America has always had a debate on the separation of church and state. In recent years a new separation debate has formed, pitting public institutions against parental rights.

Perhaps the debate was first framed in 1996 when first lady Hillary Rodham Clinton’s book “It Takes a Village” was published. The Dallas Morning News described the book as “a textbook for caring.” An excerpt from Simon & Shuster reads, “Children are not rugged individualists. They depend on the adults they know and on thousands more who make decisions every day that affect their well-being.”

In 2021, the parental rights issue exploded onto the national scene in Virginia when Democratic gubernatorial candidate Terry McAuliffe answered a question posed by his Republican opponent, Glenn Youngkin. 

McAuliffe, a former governor, said, “I’m not going to let parents come into schools and actually take books out and make their own decisions,” adding, “I don’t think parents should be telling schools what they should teach.” The parental rights movement was launched.

Things got ugly fast as parents demanded answers and how race and gender were being addressed in the classroom. What was discovered was schools were using materials aligned with the basic tenets of critical race theory. An article in Education Week defined it this way, “The core idea is that race is a social construct, and that racism is not merely the product of individual bias or prejudice but also something embedded in legal systems and policies.”

The Biden administration was all-in with its whole-of-government equity agenda.   In a stunning move, in response to parent protests at school board meetings, Attorney General Merrick Garland seemed to imply that protesters were domestic terrorists. Texas Attorney General Ken Paxton, a Republican, wrote, “The Biden administration cannot silence parents for exercising their constitutional rights and treat them like terrorists simply for having concerns about what their children are being taught.”

The point is that by the time parental concerns focused and grew, an entire issue infrastructure had grown around the racial equity movement and metastasized throughout the culture.

The academic community was creating materials for classroom use. The College of William & Mary School of Education posted “What is Critical Race Theory? Resources for Educators” on its website. Rutgers University published, “Understanding Critical Race Theory and How to Incorporate its Principles in the Classroom.” Portland (Ore.) Community College posted “Critical Race Theory Tool Kit.” The Equity Institute had a complete pedagogy ready to download, including “Building Equity in Your Teaching Practice.”

The point being progressive, WOKE culture already controlled the language and messaging of the issue flying under the banner of “diversity, equity and inclusion.”

College admissions widely adopted a two-tier system for admissions. Prestigious high schools like Thomas Jefferson High School for Science and Technology in Alexandria, Va., changed its policies to create equitable outcomes, abandoning meritocracy and arguably openly discriminating against Asian students.

Medical schools were not immune. Stanley Goldfarb, a retired nephrology professor at the University of Pennsylvania, worries that we are sacrificing quality in the name of diversity.  He points to the AMA’s three-year strategic plan that conflates racial justice with health equity, changing assessment criteria for first-year medical students to pass/fail, and more medical schools scraping the Medical College Admissions Test. 
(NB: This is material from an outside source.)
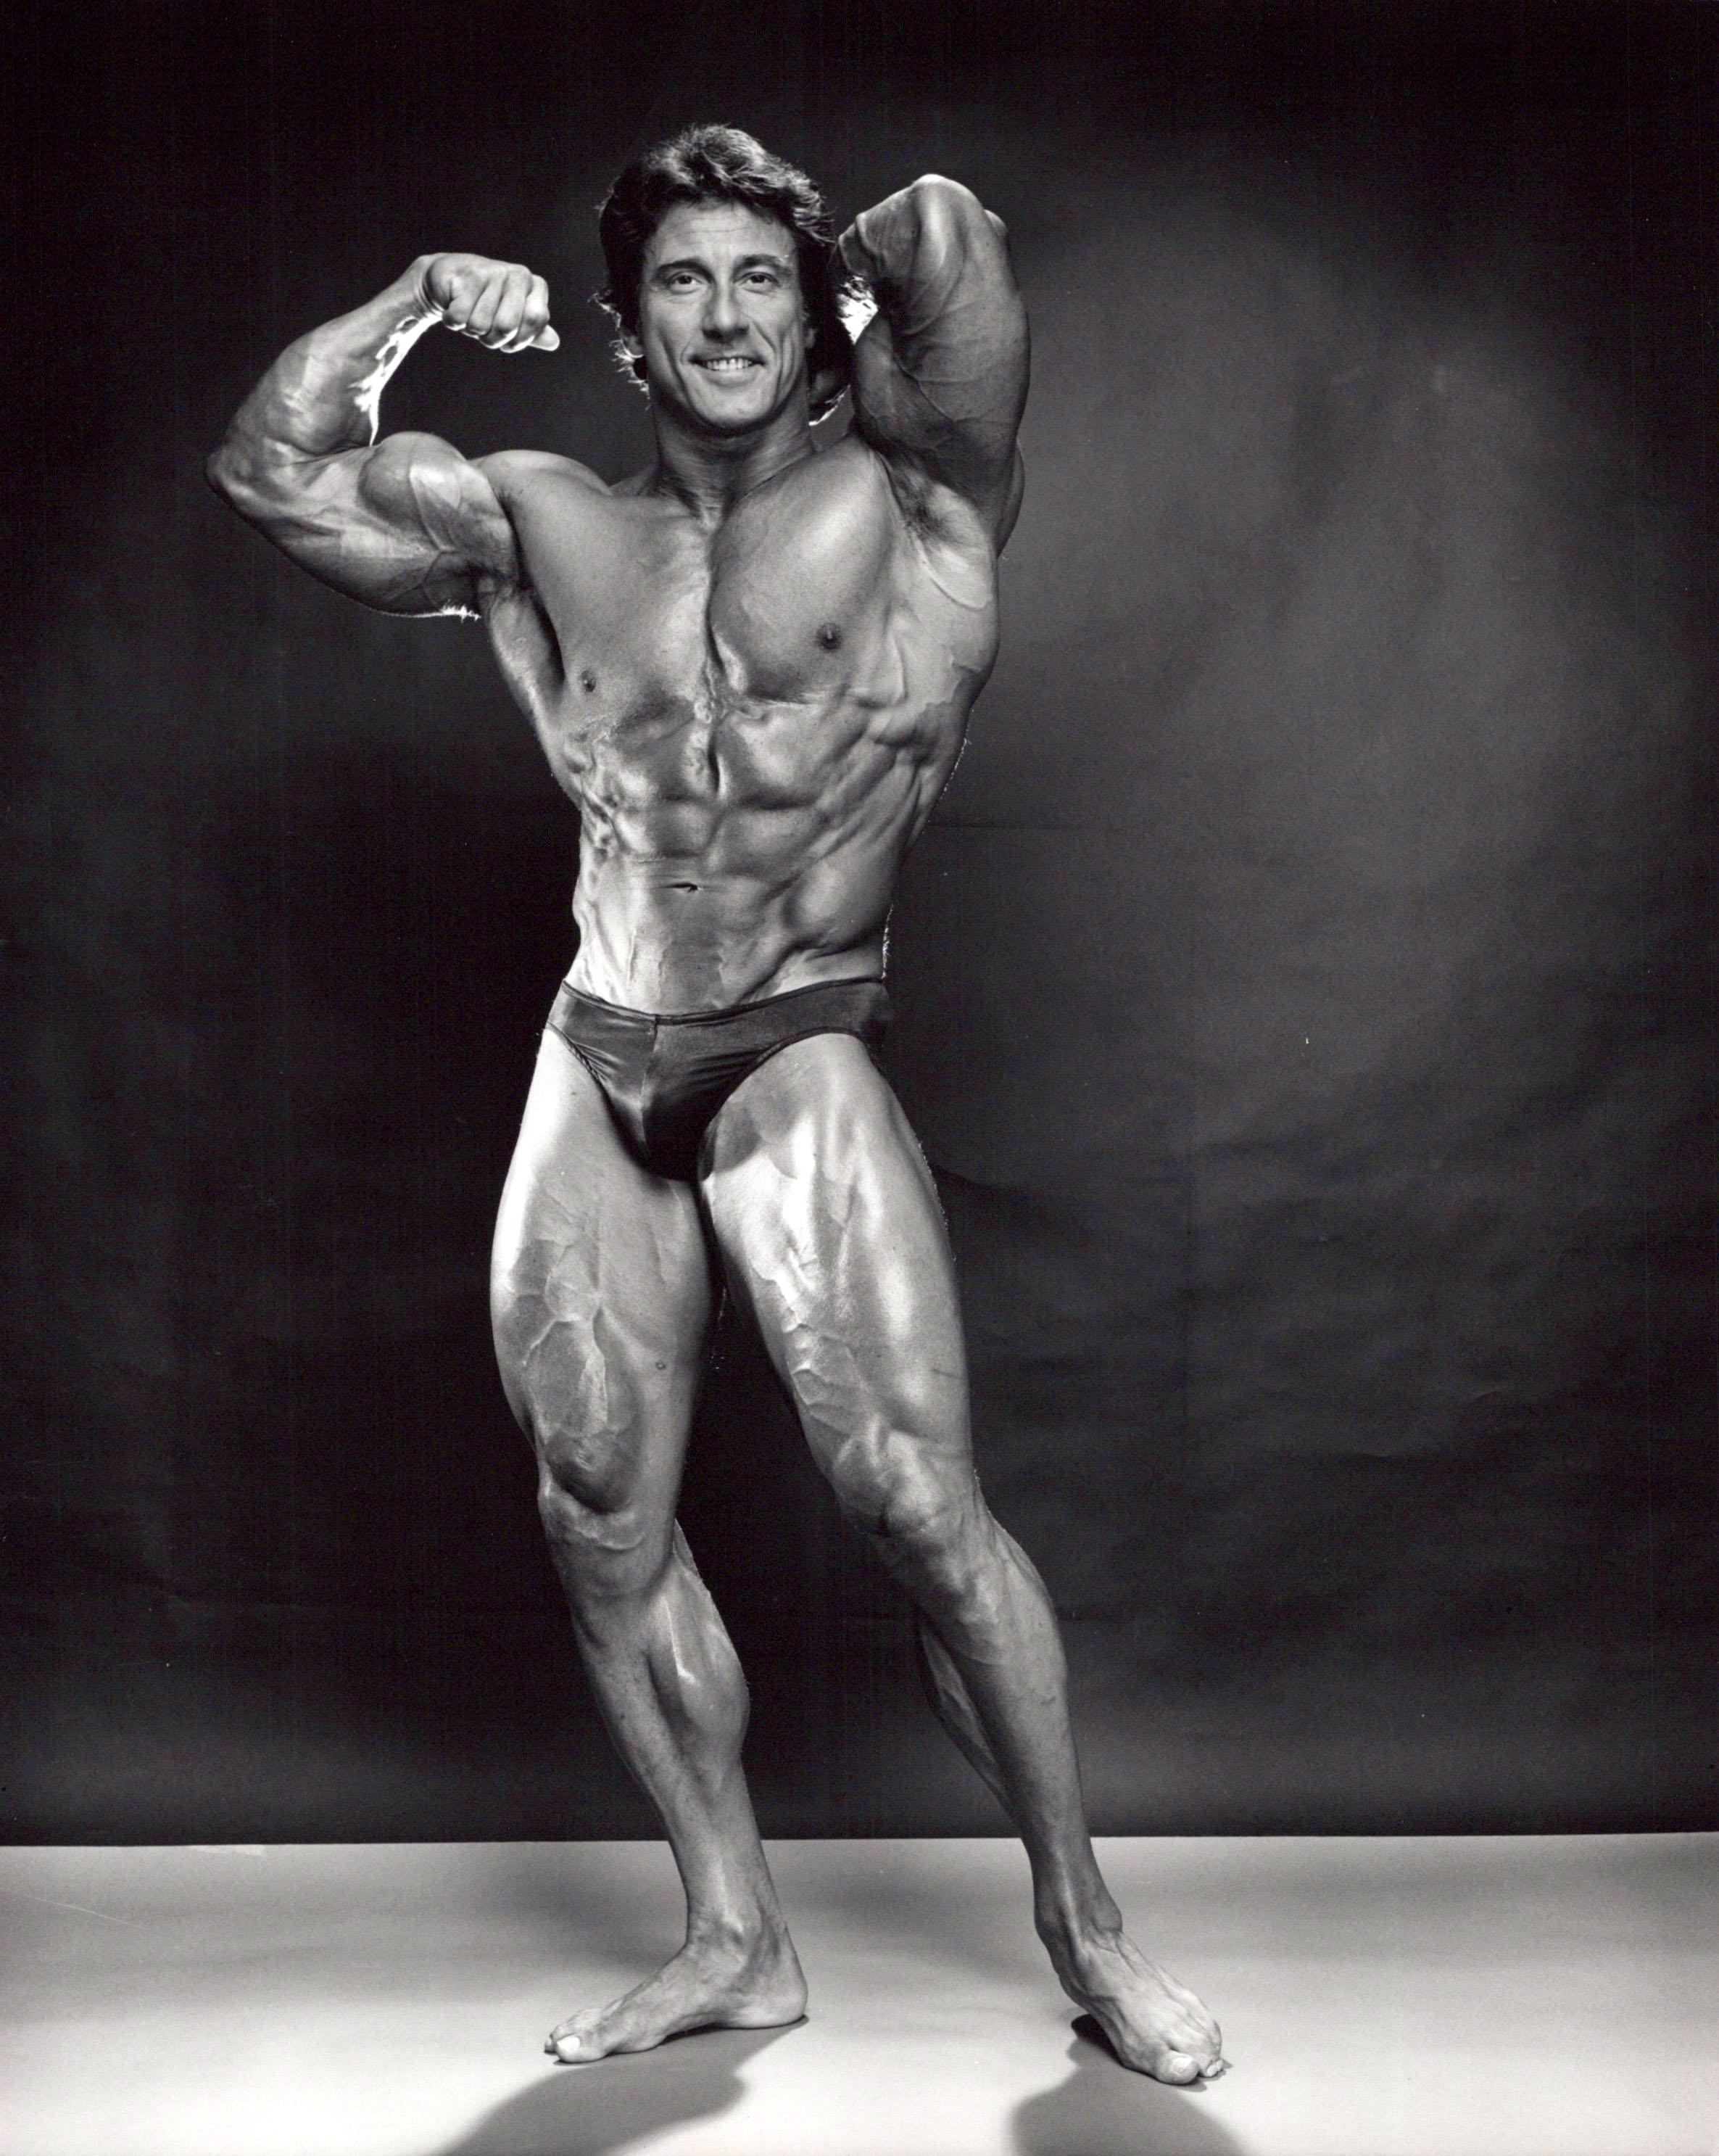 Professional Bodybuilder and three time Mr. Olympia winner Frank Zane

Goldfarb has started a nonprofit group called Do No Harm and has written a book, “Take Two Aspirin and Call Me by My Pronouns,” which was favorably reviewed in the Wall Street Journal.

The corporate world is far down the path of adopting diversity, equity and inclusion policies. Forbes Magazine wrote that diversity, equity and inclusion have become a “mainstream buzzword in the corporate world.” It cites the rationale as “micro-aggressions, discrimination and violence is experienced on an ongoing basis, the need for a safe place to create, contribute, and thrive is vital.”

Marketplace reported in November 2022, “Diversity and inclusion manager has been the second-fastest-growing job title over the past five years, right behind vaccine specialist, according to LinkedIn.”

American parents assumed that the curriculum issues could be solved at the ballot box. They were wrong because equity policies are being integrated into our institutions and changing our culture.

On Oct. 31, 2008, then-senator Barack Obama proclaimed, “We are five days away from fundamentally transforming the United States of America.” As John Lennon said, “Life is what happens to you while you’re busy making other plans.”  

Our culture may have shifted without half the population knowing it.